The Enduring Appeal of “Ugly” Design

There is something irresistible about the ugly duckling, even before its grand metamorphosis into (spoiler alert) an adult swan. He’s gangly, his feathers look weird, his proportions are off, and every other animal he encounters on his journey notices this and comments on it. The moral of this beloved fairy tale is that beauty and its antithesis, ugliness, are meaningful only in context. The “ugly” duckling was just the victim of a temporary category error, he wasn’t actually ugly. 

It’s a question that’s plagued philosophers and artists for centuries: Is beauty really in the eye of the beholder? Two and a half centuries ago, the English artist, satirist, and social critic William Hogarth devoted an entire book, The Analysis of Beauty, to its study, delineating six elements that, together, created the right conditions for the ineffable quality to take shape: fitness, variety, uniformity, simplicity, intricacy, and quantity. That several of these qualities—variety and uniformity, for instance—are antithetical to one another suggests that Hogarth was concerned above all with harmony and balance: a little of this, not too much of that. 
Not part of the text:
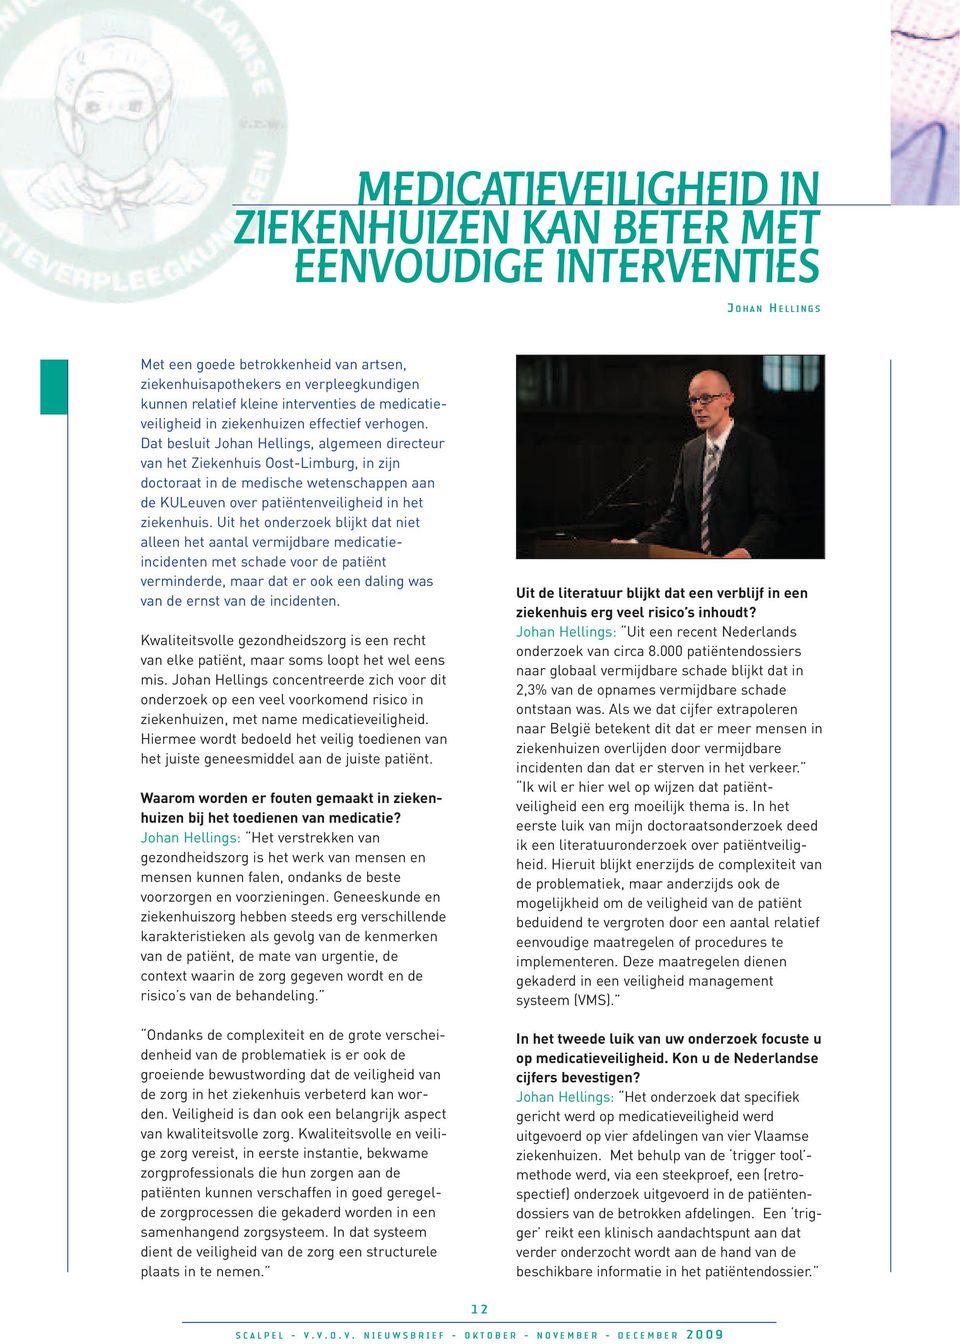 Dat besluit Johan Hellings, algemeen directeur van het Ziekenhuis Oost-Limburg, in zijn doctoraat in de medische wetenschappen aan de KULeuven over patiëntenveiligheid in het ziekenhuis.

These principles have worked their way around design throughout the ages, from the simple elegance of a Shaker chair to the just-right proportions of a Gio Ponti desk. But today, among aesthetes in interior design, furniture, fashion, and more, there’s currency in the objects that defy these rules. What are we to make of them?

Consider the English designer Faye Toogood’s recent exhibition at Friedman Benda, “Assemblage 7: Lost and Found,” which draws inspiration from an imagined archaeological dig. Works of mammoth furniture bearing clear evidence of hand-tooling have names like Barrow, Mound, Plot, and Cairn. For a viewer unaccustomed to furniture that looks like this, an internal dialogue not unlike the well-trod response of “my kid could do that” to a Jackson Pollock painting could ensue. Chances are most kids can’t do exactly that, and even if they could, the implication is that by definition kids lack the decades of skill that make an artisan a master.

Toogood’s three-dimensional works in this exhibition are made from oak, a signature material of both medieval and Arts and Crafts makers in Britain, and as the gallery notes, they look as though they’ve been excavated. Curator and critic Glenn Adamson, who contributed an essay to the 2022 monograph Faye Toogood : Drawing, Material, Sculpture, Landscape from Phaidon, tells AD PRO that these works “engage with materiality on its own terms, letting the wood assert itself in a semi-raw state. There’s an idea there of minimal transformation, just getting the material far enough to play the part of a functional object and no further.” They’re chunky, rounded, asymmetrical, and they sport tool marks that are the lasting trace of her every decision about the surface of each piece. Unskilled? Hardly, but there’s something rough about them that a Hogarth aficionado might find suspect.

Avery Trufelman, the host of Articles of Interest and a former member of the 99% Invisible team, knows that there are pockets of surprising beauty to be found in the prehistoric. In 2014 she produced a story about the humble Acheulean hand ax, which, at over a million years old, is arguably the first designed object on earth. Carefully chipped to form a palm-size object, it’s rough but recognizable as a cutting tool of some kind. Or is it? “The intriguing thing about it is that no one knows exactly what it was used for,” Trufelman says. “And I think that is part of what makes an object ‘ugly’: its lack of clarity, its muddled sense of purpose.” It may have been an all-purpose hand-tool; it could have been made primarily for display to suggest sophistication and prowess to a potential mate; it may have been designed as a throwing ax to subdue prey, and it might have been for something totally different.